Conversion de la séparation de corps en divorce : le juge de la mise en état ne peut pas réviser la pension alimentaire
Seul le juge du fond est compétent pour réviser la pension alimentaire due au titre du devoir de secours après une séparation de corps. Le juge de la mise en état, même saisi au cours d’une instance en conversion, excède ses pouvoirs s’il statue sur cette demande.
Ce rappel de principe clarifie la pratique et invite à une vigilance accrue lors des demandes de modification des obligations alimentaires entre époux. Il confirme que la compétence est strictement encadrée par les textes et la procédure civile.

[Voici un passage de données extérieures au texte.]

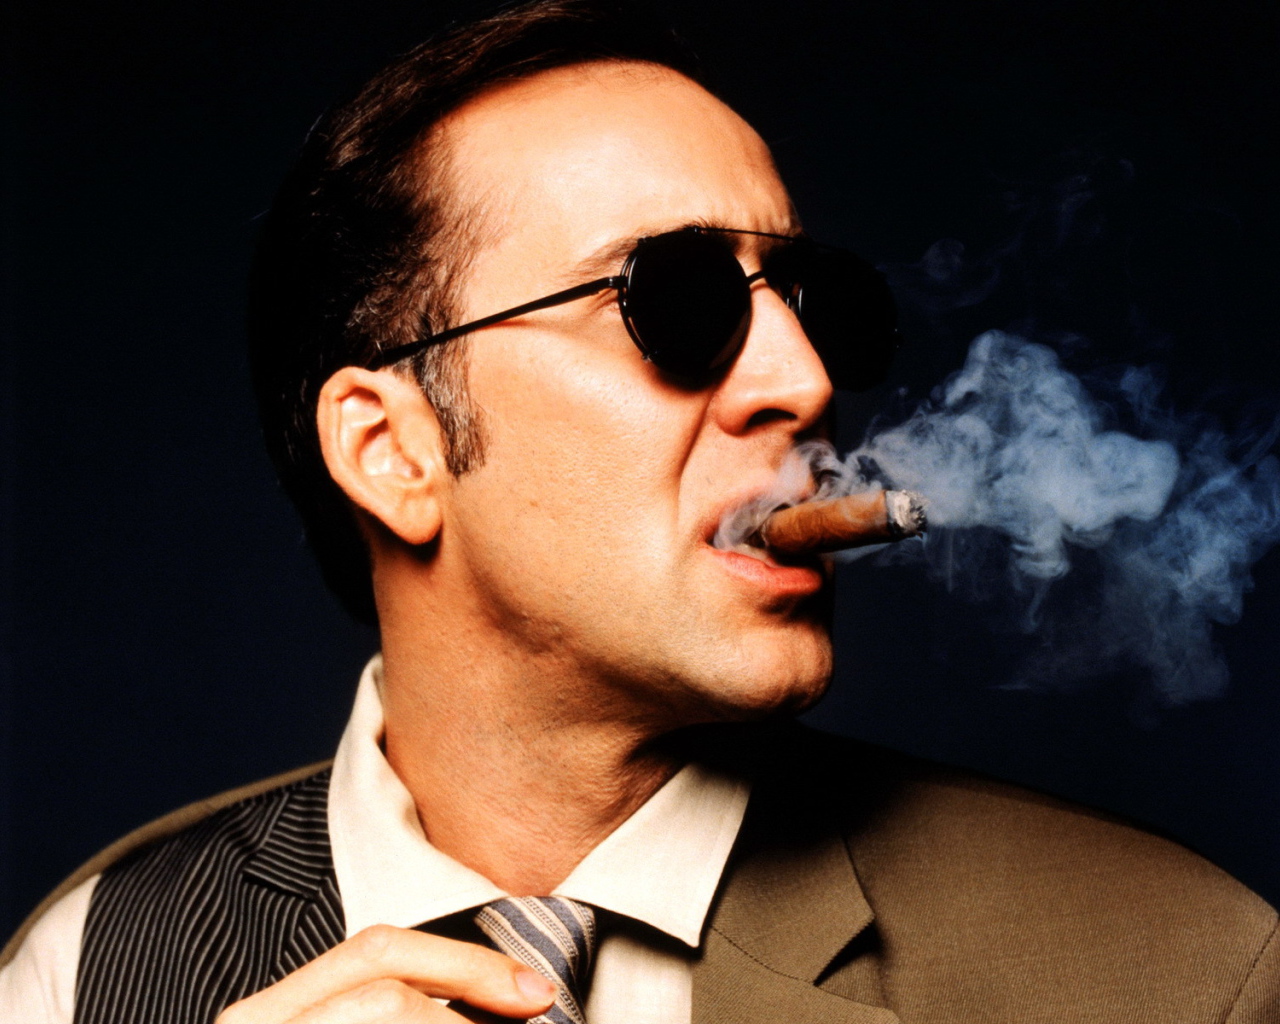 Nicolas Cage is smoking cigar

Une affaire après plus de vingt ans de séparation de corps
Plus de vingt ans après le prononcé de la séparation de corps, un époux assigne en conversion en divorce. Parallèlement, il saisit le juge de la mise en état pour obtenir une diminution de la pension alimentaire mise à sa charge lors de la séparation, en invoquant l’évolution des revenus et des besoins de son épouse.
Le juge de la mise en état rejette la demande, décision confirmée par la cour d’appel. Saisi d’un pourvoi, l’époux soutient que les éléments financiers n’ont pas été actualisés. La censure intervient toutefois sur un moyen relevé d’office : la demande était irrecevable car présentée devant une juridiction incompétente pour en connaître.

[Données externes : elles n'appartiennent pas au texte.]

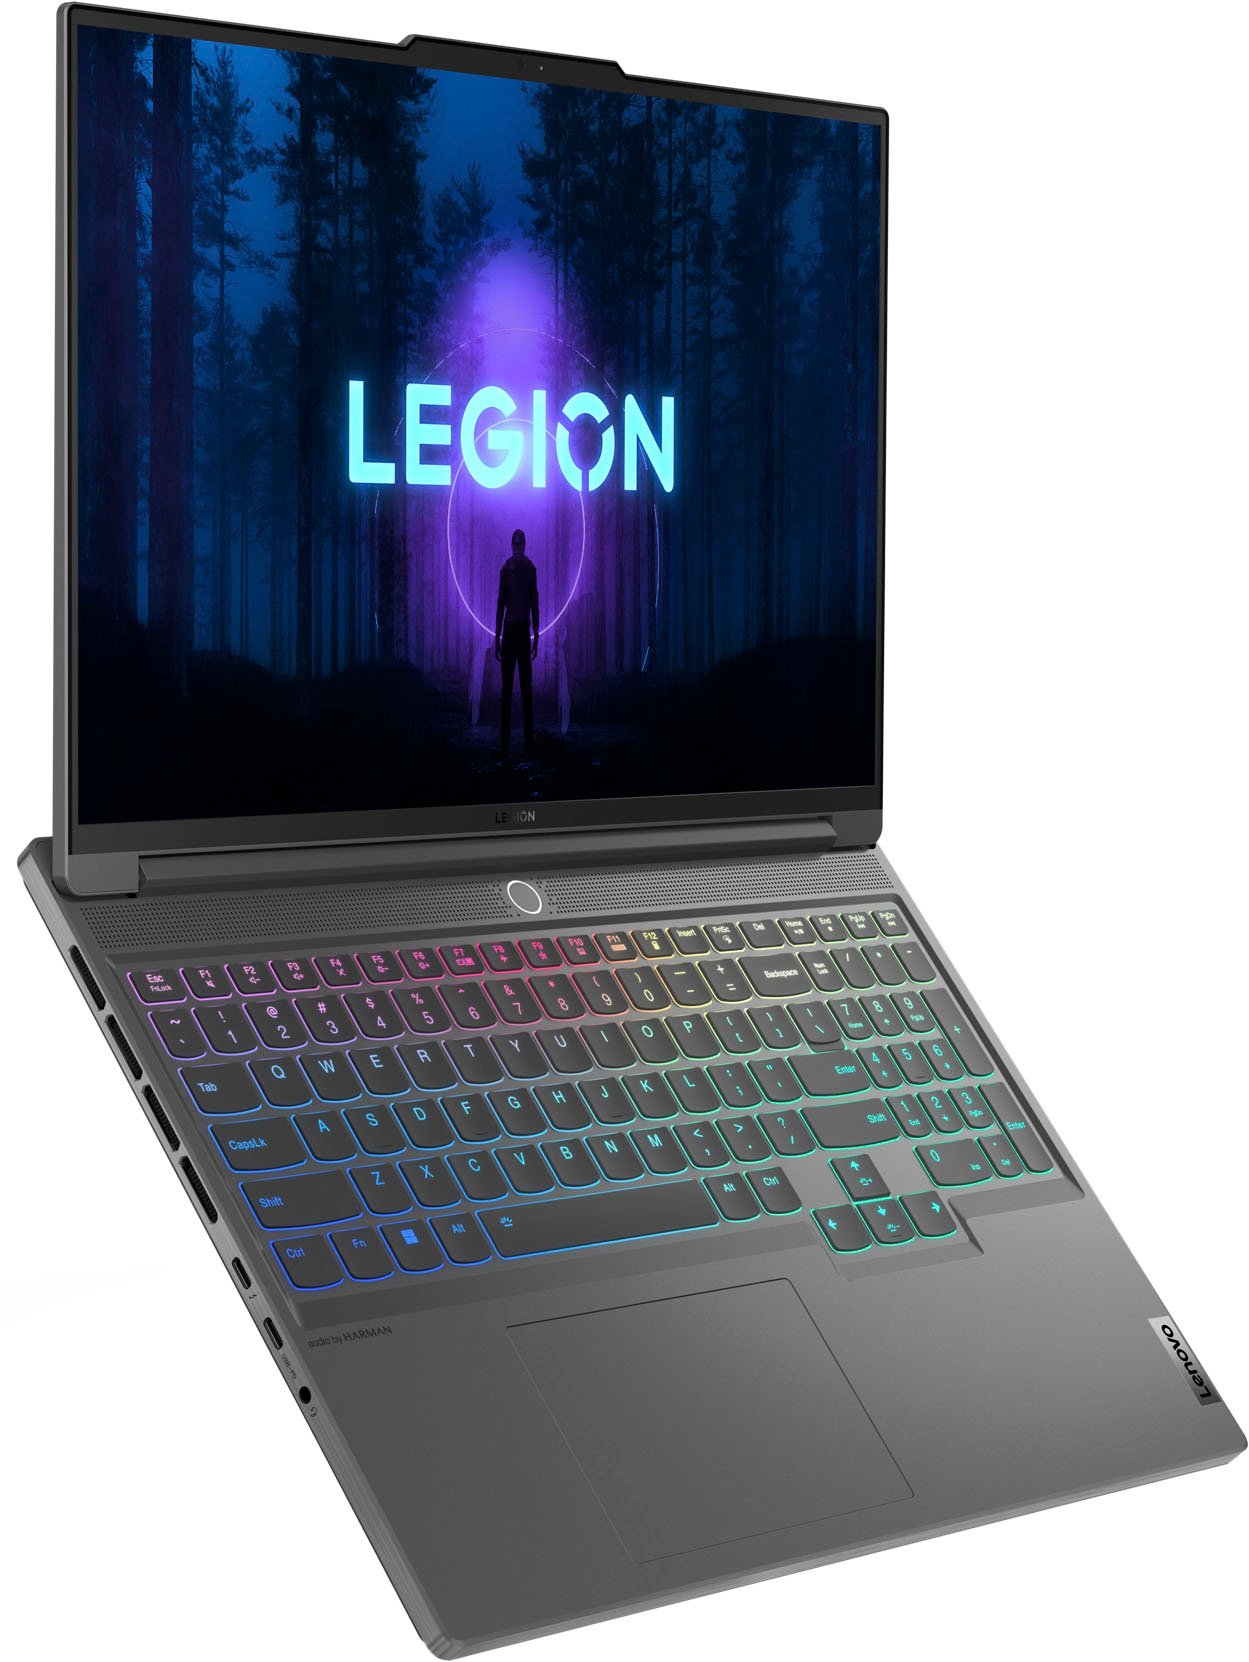 Lenovo Legion Pro 7i Gen 8 review: Blazing performance, good price

Fondements juridiques et portée
Premier fondement : lorsqu’il s’agit, après la séparation de corps, de modifier la pension alimentaire due au titre du devoir de secours, la demande doit être portée devant le juge aux affaires familiales statuant au fond, par assignation ou requête distincte (C. civ., art. 303, al. 1 ; CPC, art. 1084, al. 1 et 1129). Il n’entre donc pas dans les attributions du juge de la mise en état de statuer sur cette modification au cours d’une instance en conversion.

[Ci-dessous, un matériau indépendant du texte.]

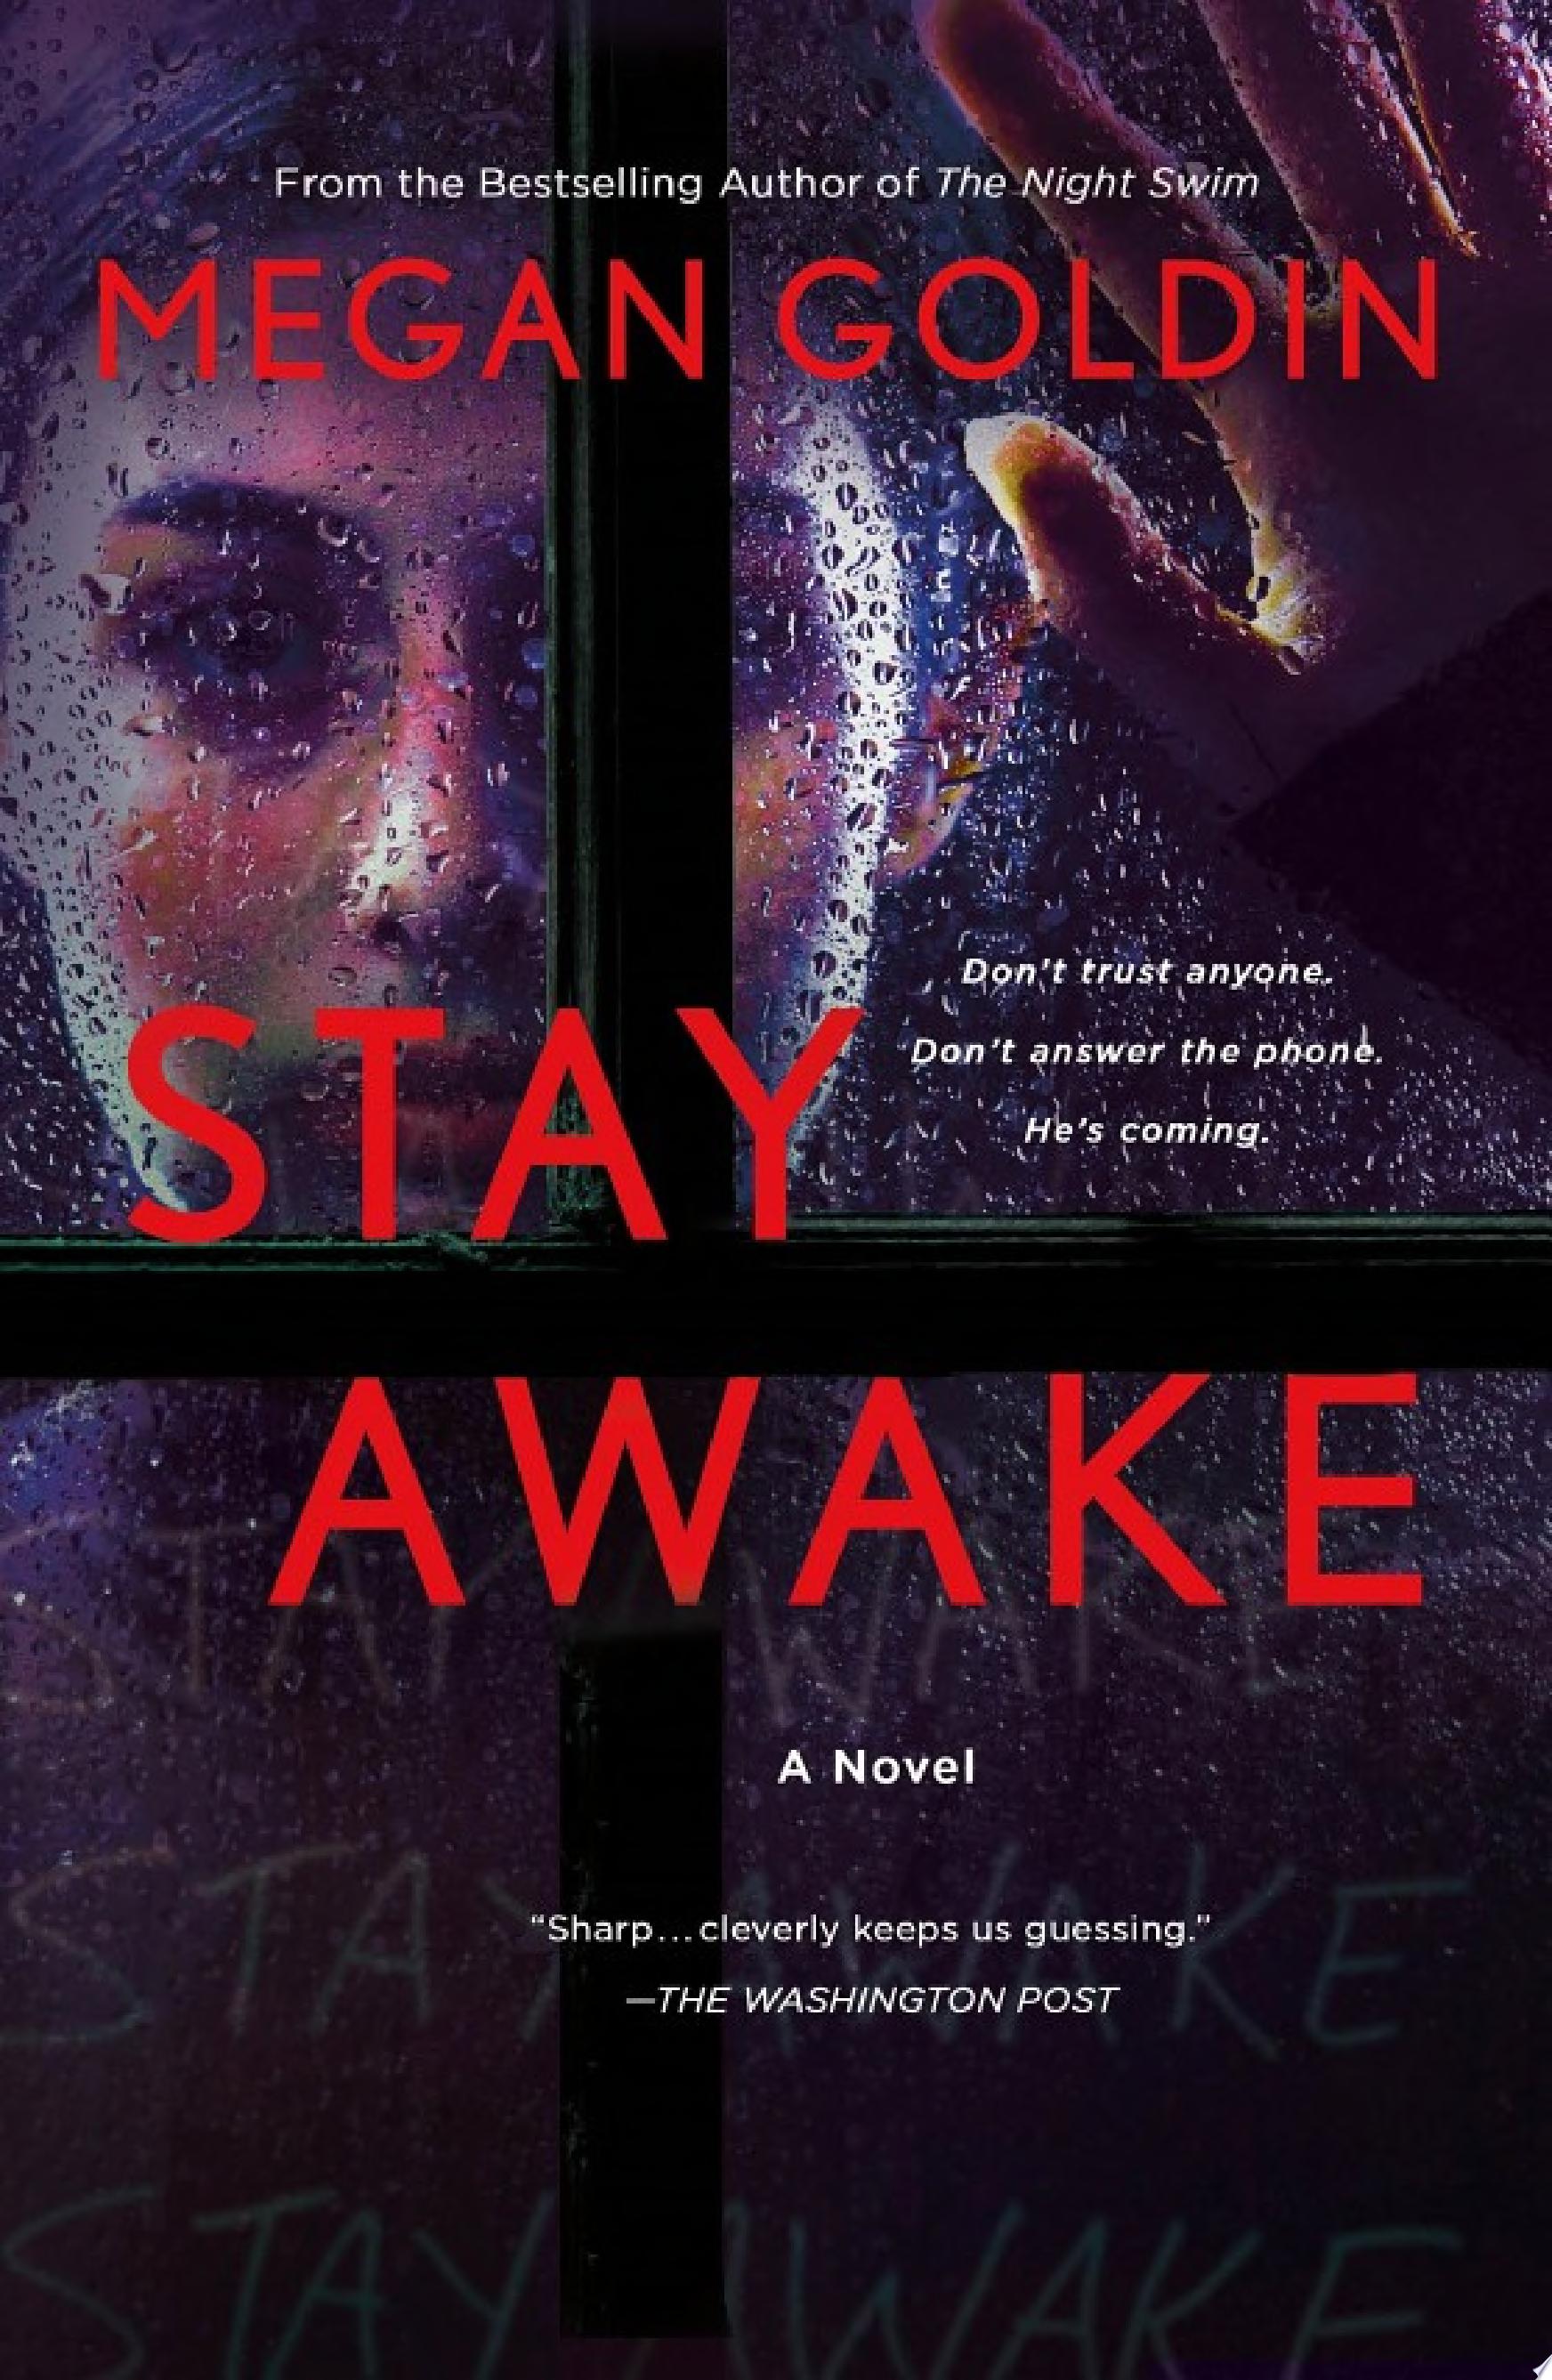 Image for "Stay Awake"

Second fondement : l’article 1118 du code de procédure civile, qui autorise le juge à adapter des mesures provisoires en cas de fait nouveau jusqu’à son dessaisissement, est inapplicable. La pension alimentaire fixée lors de la séparation de corps est une mesure accessoire au jugement de séparation, et non une mesure provisoire prise pour la durée de l’instance en conversion.
Clarification des « casquettes » du JAF
Le juge aux affaires familiales peut intervenir comme juge du fond, juge de la mise en état ou juge des référés. Cette pluralité de fonctions, parfois exercées dans des instances impliquant les mêmes parties, exige de distinguer avec précision les compétences d’attribution. La révision de la pension postérieure à la séparation de corps relève exclusivement de la formation de jugement, saisie par une procédure autonome.
Conclusion. Cette solution met fin à une pratique consistant à traiter de manière « unitaire » la demande de révision au sein de l’instance en conversion par le juge de la mise en état. La voie correcte est la saisine distincte du juge du fond, même lorsque la procédure de conversion en divorce est en cours. L’exigence renforce la sécurité juridique des parties et garantit le respect des règles procédurales prévues par la loi.